The black silicon nanometer making herbs into wool technology of wet method and selective emitting electrode structure make the transfer efficiency of polycrystalline diamond line solar cell Have and is substantially improved.But the more serious optically and electrically loss of battery back surface has become and restricts the black silion cell efficiency of polycrystalline The bottleneck further promoted.It is multiple that back surface electricity can be not only greatly reduced in passivation emitter back-contact cell (PERC) structure Rate is closed, can also be formed under good internal optics back reflection mechanism, the especially development trend in silicon chip towards sheet, Battery surface is passivated quality and the importance of internal back reflection effect just more highlights.PERC structures make black silion cell improved efficiency 0.7-1.0%.It is illustrated in figure 4 the structural schematic diagram of selective emitter solar battery.

Invention content

The purpose of the present invention is overcoming the deficiencies in the prior art, a kind of black policrystalline silicon of selective emitter is provided The preparation method of PERC battery structures solves the problems, such as that surface reflectivity is high, improves black silion cell transfer efficiency, overcomes Silk-screen printing technique is difficult to form the fine grid line of high quality and can not to ensure that grid line is precisely aligned with selective emitter fatal Defect minimizes masking caused by electrode and leakage current.
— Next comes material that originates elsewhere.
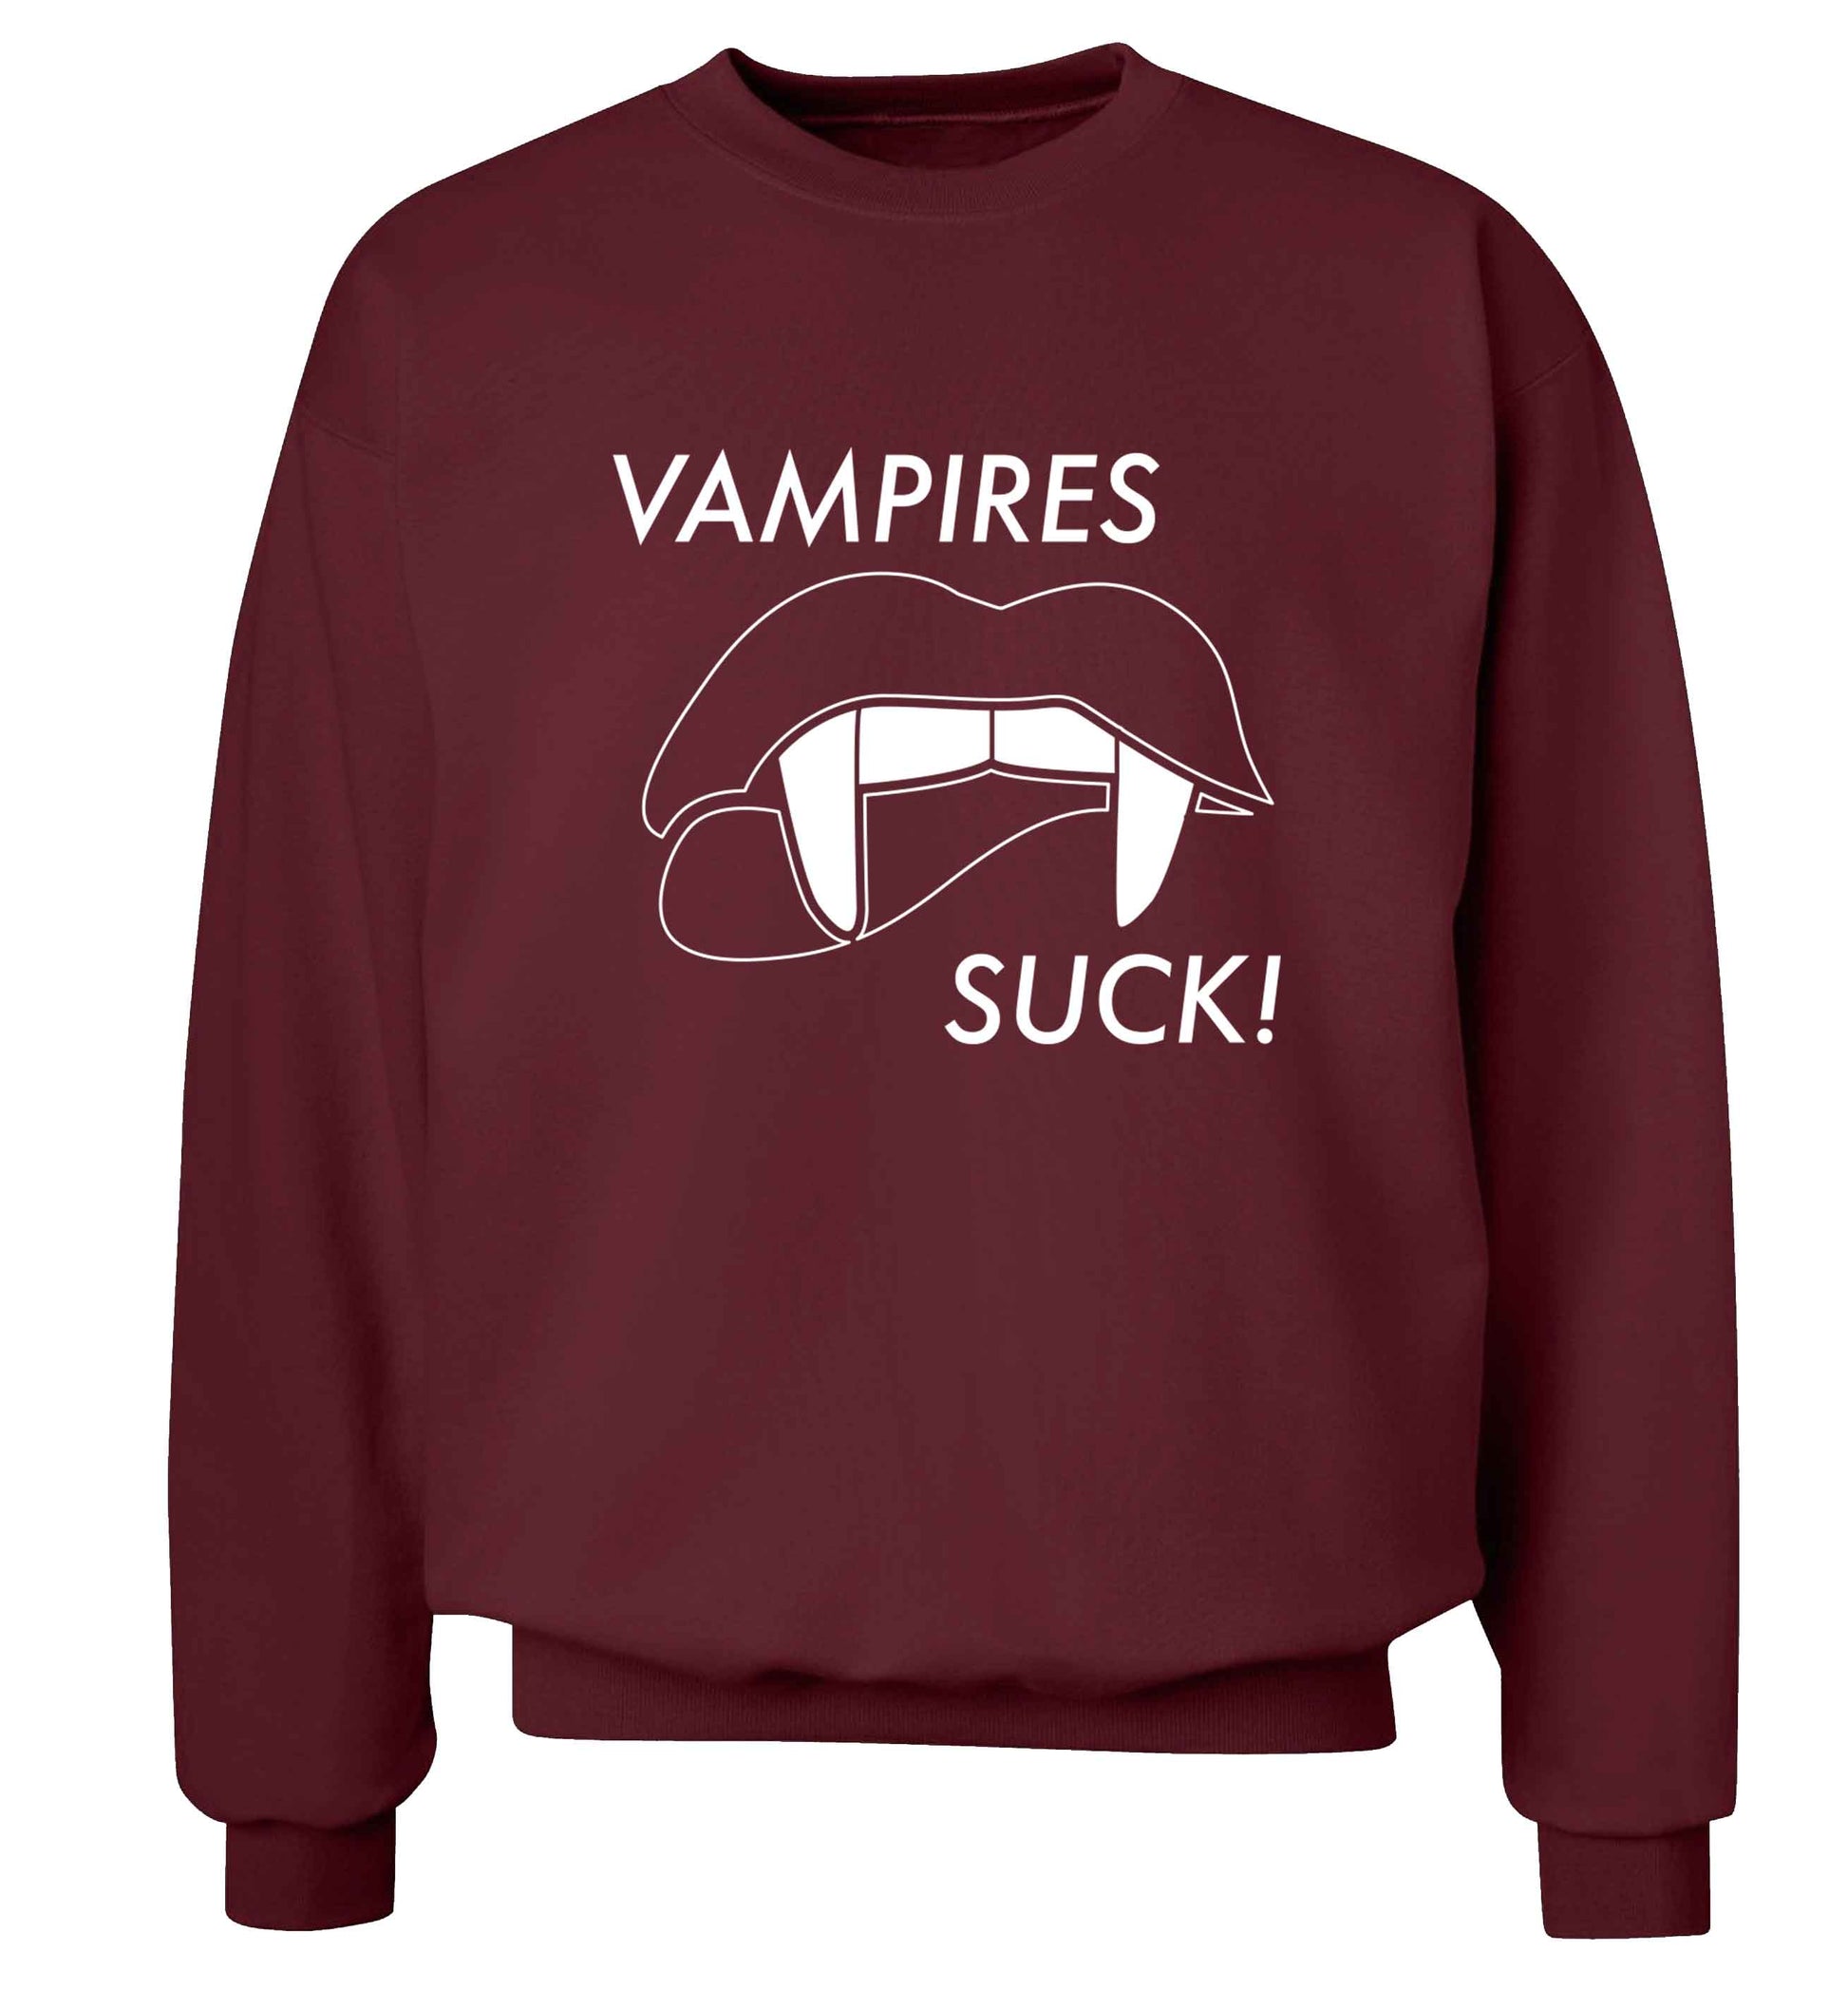 Vampires suck adult's unisex maroon sweater 2XL

According to technical solution provided by the invention, the preparation side of the black policrystalline silicon PERC battery structures of selective emitter Method, characterized in that include the following steps：

(1) nanometer suede is formed in front side of silicon wafer, silicon chip back side is burnishing surface；

(2) it spreads：Phosphorus diffusion is carried out in the front of silicon chip and forms N-type layer, and diffusion rear surface square resistance is 120-140 Ω/□；

(3) front side of silicon wafer phosphorosilicate glass and back side pn-junction are removed；

(4) plated film：In front side of silicon wafer deposited silicon nitride antireflection film layer, in silicon chip back side depositing Al O_x/SiN_xOverlayer passivation Dielectric layer；

(5) it is got ready or routing in silicon chip back side using laser, makes AlO_x/SiN_xOverlayer passivation dielectric layer is from silicon chip table It removes in face；

(6) silk-screen printing：Overleaf silk-screen printing silver electrode and aluminium paste；

(7) it is sintered：Carrying out low-temperature sintering makes aluminium paste form local Al-BSF, sintering temperature with the pasc reaction at laser windowing It is 600-650 DEG C；

(8) phosphoric acid is sprayed：In the mixed solution of the phosphoric acid and alcohol of front side of silicon wafer even application 3-8%, used after spraying Hot nitrogen is dried；

(9) laser doping：Front side of silicon wafer is heated using laser, forms the main gate line after heavy doping and secondary grid line area Domain；

(10) nickel copper/silver electrode is electroplated in photoinduction：Front side of silicon wafer is immersed into electroplating solution, to front side of silicon wafer in illumination item It is electroplated under part, deposition plates metal grid lines, silicon chip surface intensity of illumination 15000- at the front gate line of silicon chip 20000lux, 1-2 μm of nickel layer thickness, 10-15 μm of copper layer thickness, 2-4 μm of silver thickness；

(11) it anneals.

Further, the nanometer suede aperture 200-700nm that the step (1) is prepared, reflectivity 14-18%.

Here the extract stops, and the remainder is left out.